#### Provided material
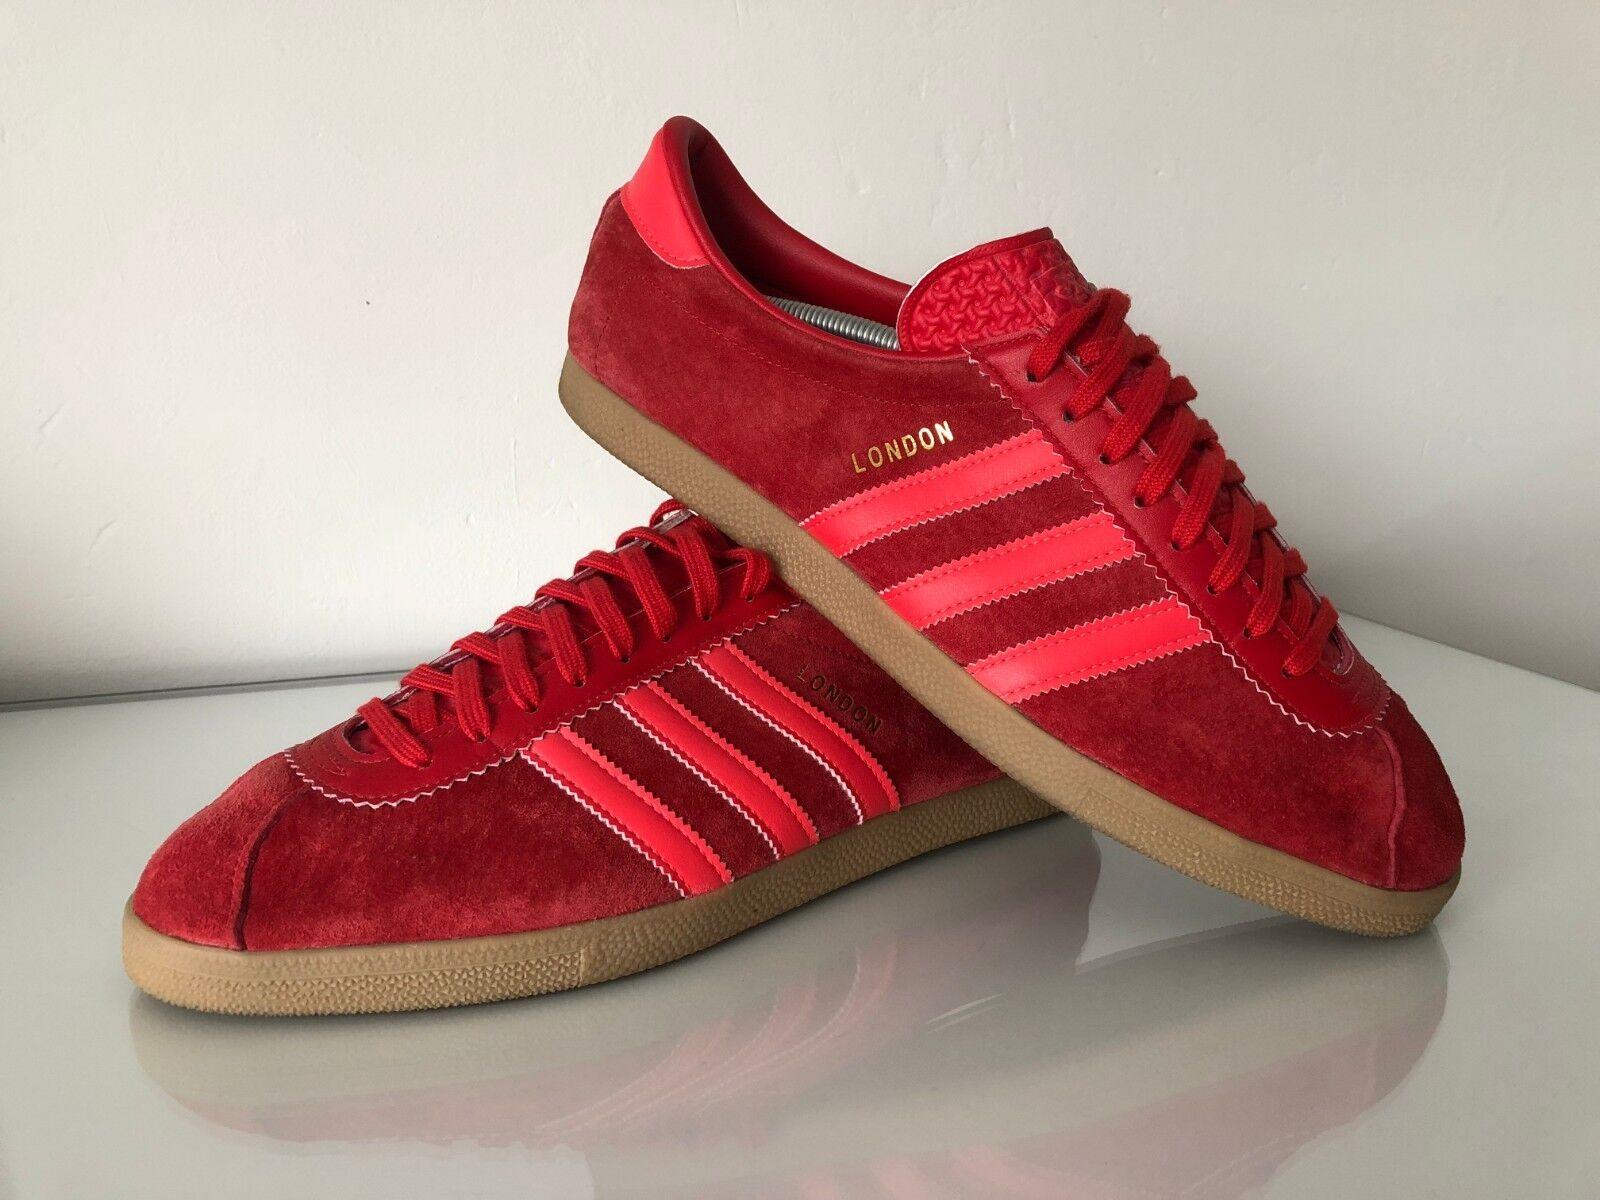 Adidas Originals RARE Rosso 11 London
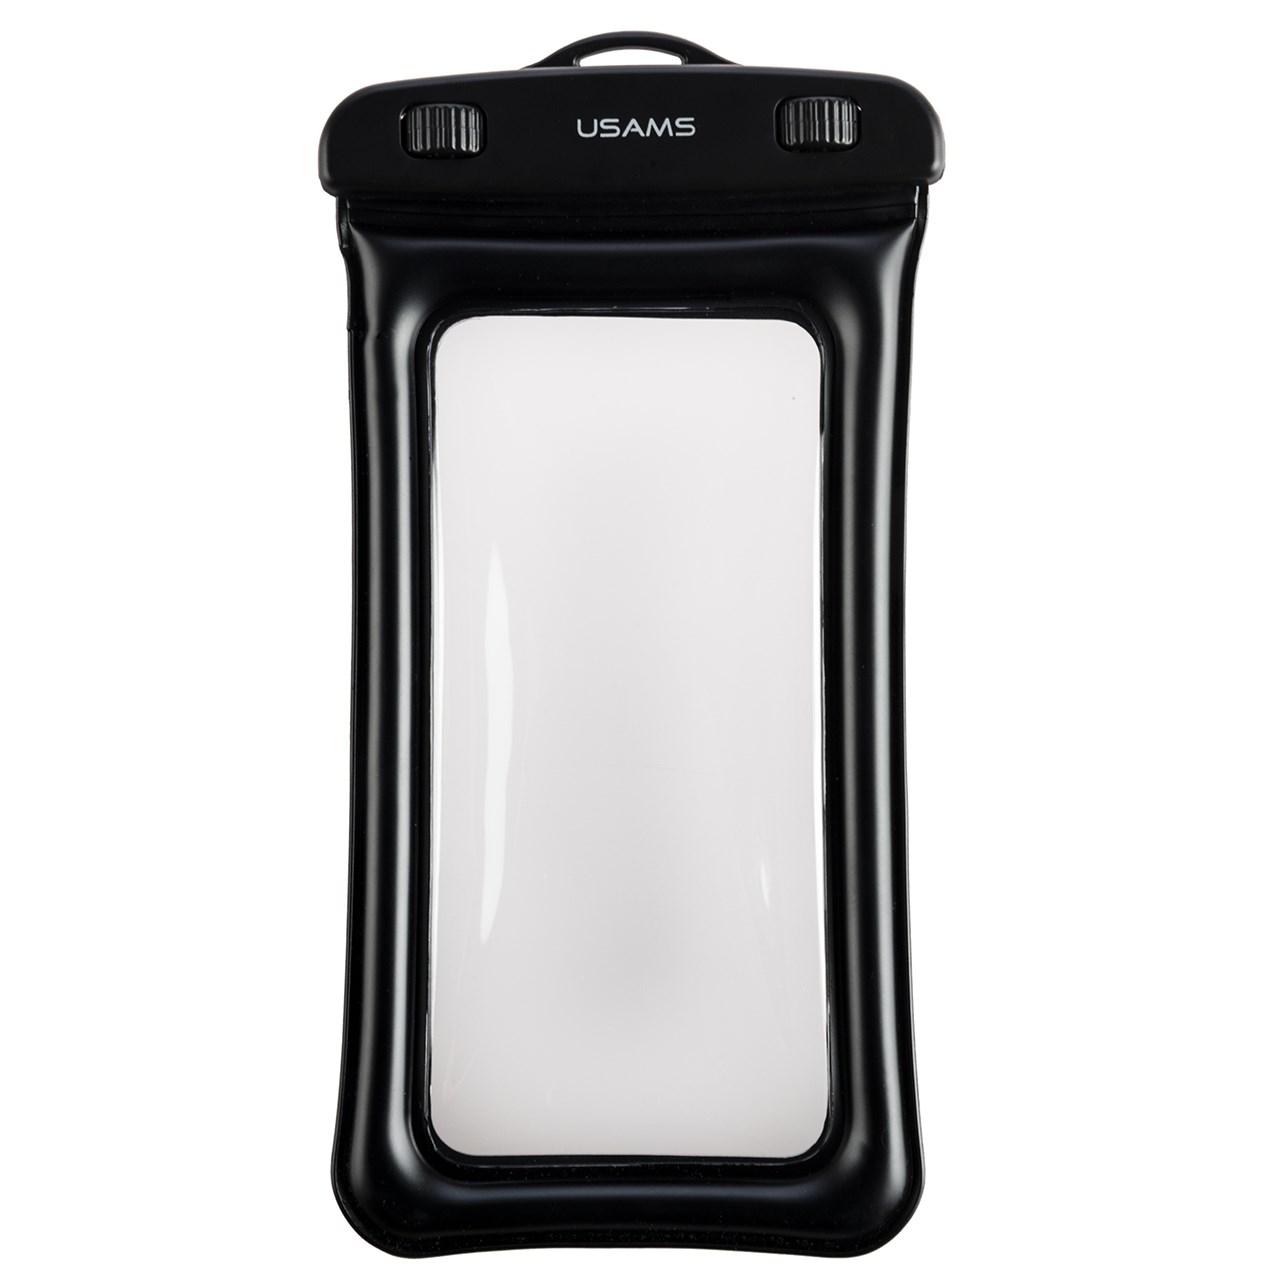 کاور ضدآب یوسمز مدل YD007 مناسب برای گوشی موبایل 6 اینچی
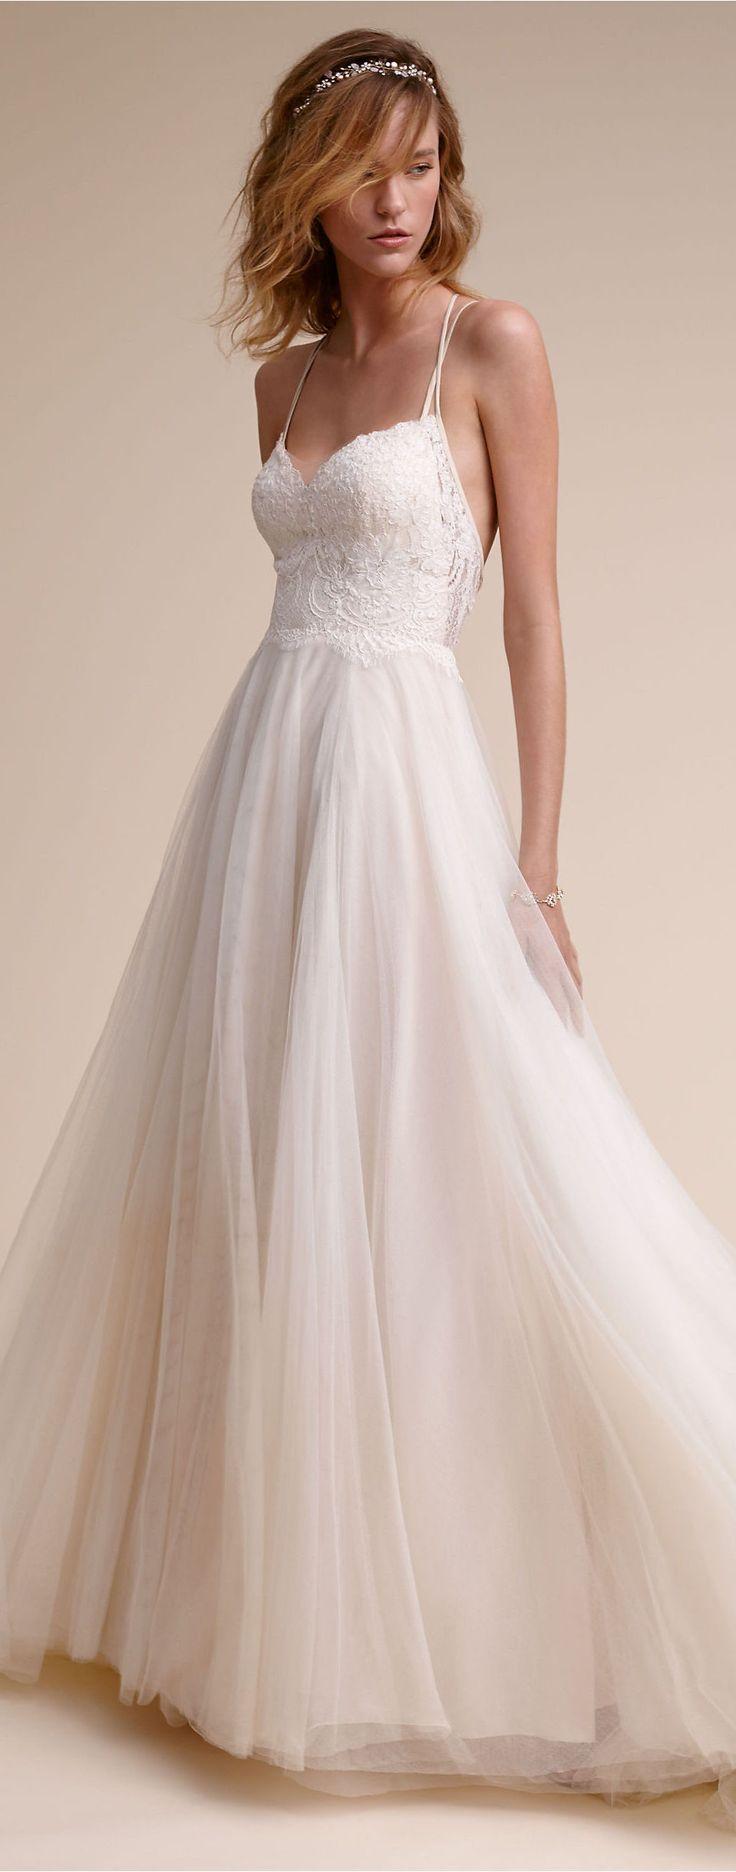 Hochzeitskleid aus Spitze und Tüll, dünne Träger
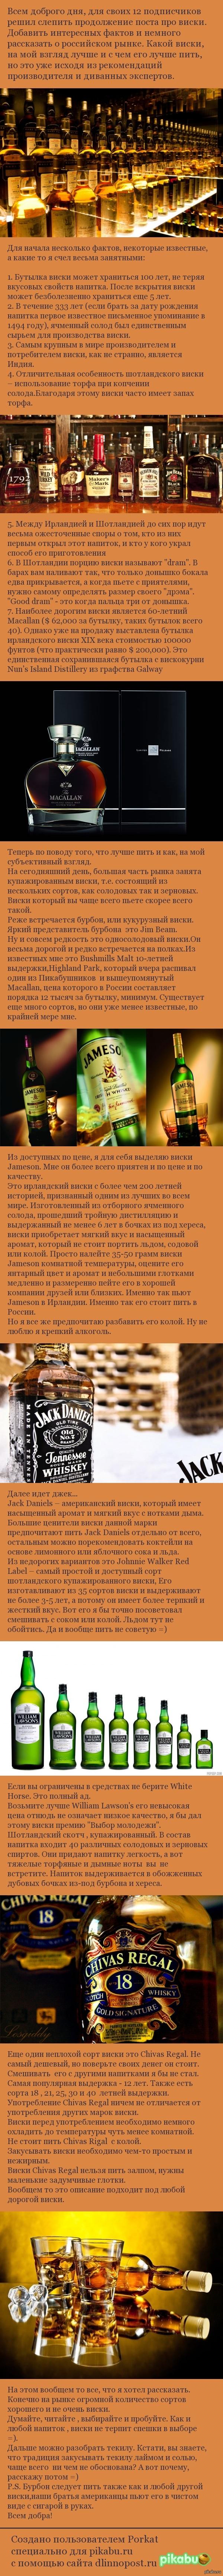 """Факты о виски, продолжение в продолжение поста <a href=""""http://pikabu.ru/story/viskinemnogo_faktov_3010110"""">http://pikabu.ru/story/_3010110</a>"""

#### To do
Please give again, word for word, the lines from the one containing "Hochzeitskleid aus Spitze" through the last line of the listing above, inclusive, and leave out pictures.

#### Result for this exercise
 Hochzeitskleid aus Spitze und Tüll, dünne Träger
 """Факты о виски, продолжение в продолжение поста <a href=""""http://pikabu.ru/story/viskinemnogo_faktov_3010110"""">http://pikabu.ru/story/_3010110</a>"""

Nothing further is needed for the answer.